8 practical steps to estimating establishment likelihoods on Biosecurity Commons


First a reminder: In the workflows available on Biosecurity Commons when you run a final model or click the run button for any of the steps, you have the option to rerun each step if you change something e. g. parameter or input.  If you do rerun a step, the previous run will be overwritten. You can save any step by using the “Export Result” button. Exporting a Result will make it available under 'My Results' where it will be permanently available for future use.  It will also be retained in this Project view under 'My Exported Results'. 


Step 1 – Review the literature  

A literature review might reveal:

  • An existing risk map or establishment likelihood map that could be updated or improved upon.
  • Pest biology - physiological tolerances indicating climatic conditions where the species would not survive.  
  • Susceptible hosts - understanding the hosts the pest may require, where those hosts are distributed, and the potential for the pest to use uniquely Australian hosts.
  • Risk pathways: where are viable pests likely to come into Australia?
  • Existing distribution models of the pest and/or data useful for predicting distributions.
  • Clean, ready to use occurrence data. 
  • Existing data and worked examples on Biosecurity Commons.

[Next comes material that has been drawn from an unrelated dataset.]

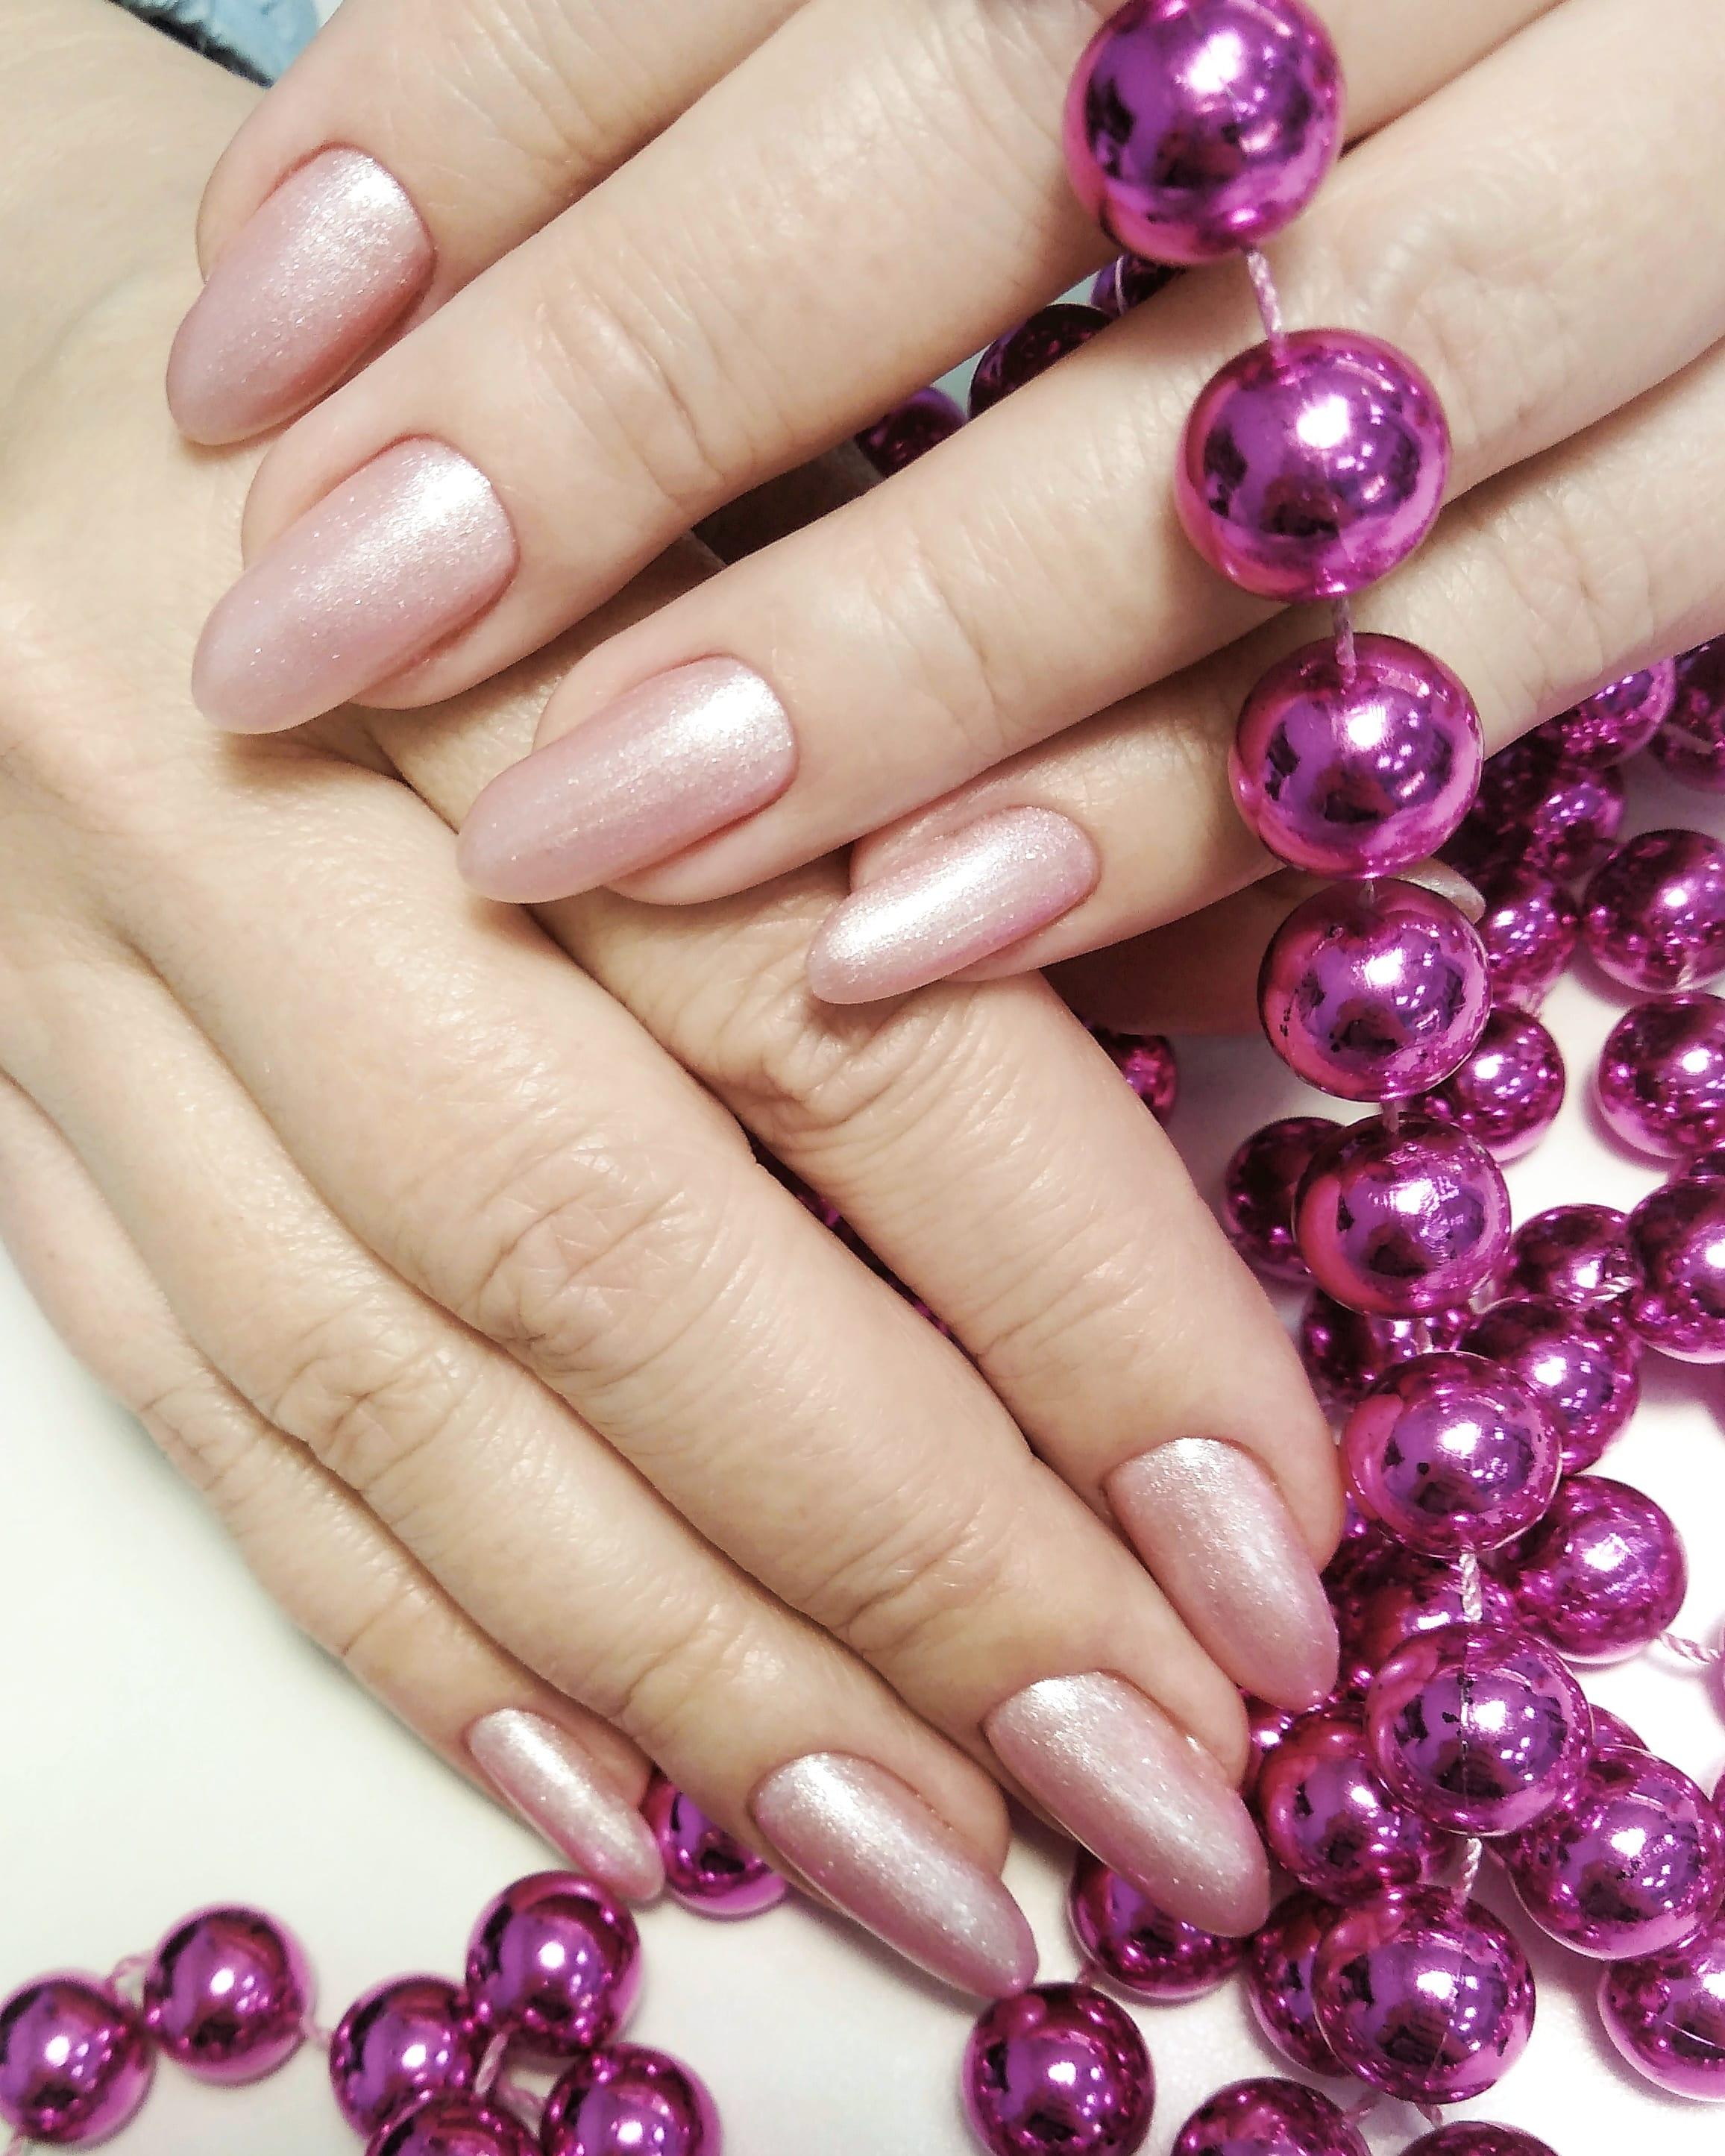 Маникюр с блестками в розовом цвете на длинные ногти.

Step 2 – Collate and clean data 


Biosecurity Commons will have a growing set of data that users will be able to access, but those data will often need to be supplemented with additional data not available on the platform and most data will likely need to be cleaned. Data will include rasters or grids which will in some cases need to be generated from other spatial data (e.g., rasterising vector datasets). 


At Biosecurity Commons we strongly believe that the best data will be uploaded by you the users.  Over time, at Biosecurity Commons we expect the available data that can inform establishment likelihoods will grow and as it is shared it will be improved. Much of the data available on the platform have not been fully validated with independent data or had underlying assumptions fully tested.  Over time if you upload some data, other users may improve those data.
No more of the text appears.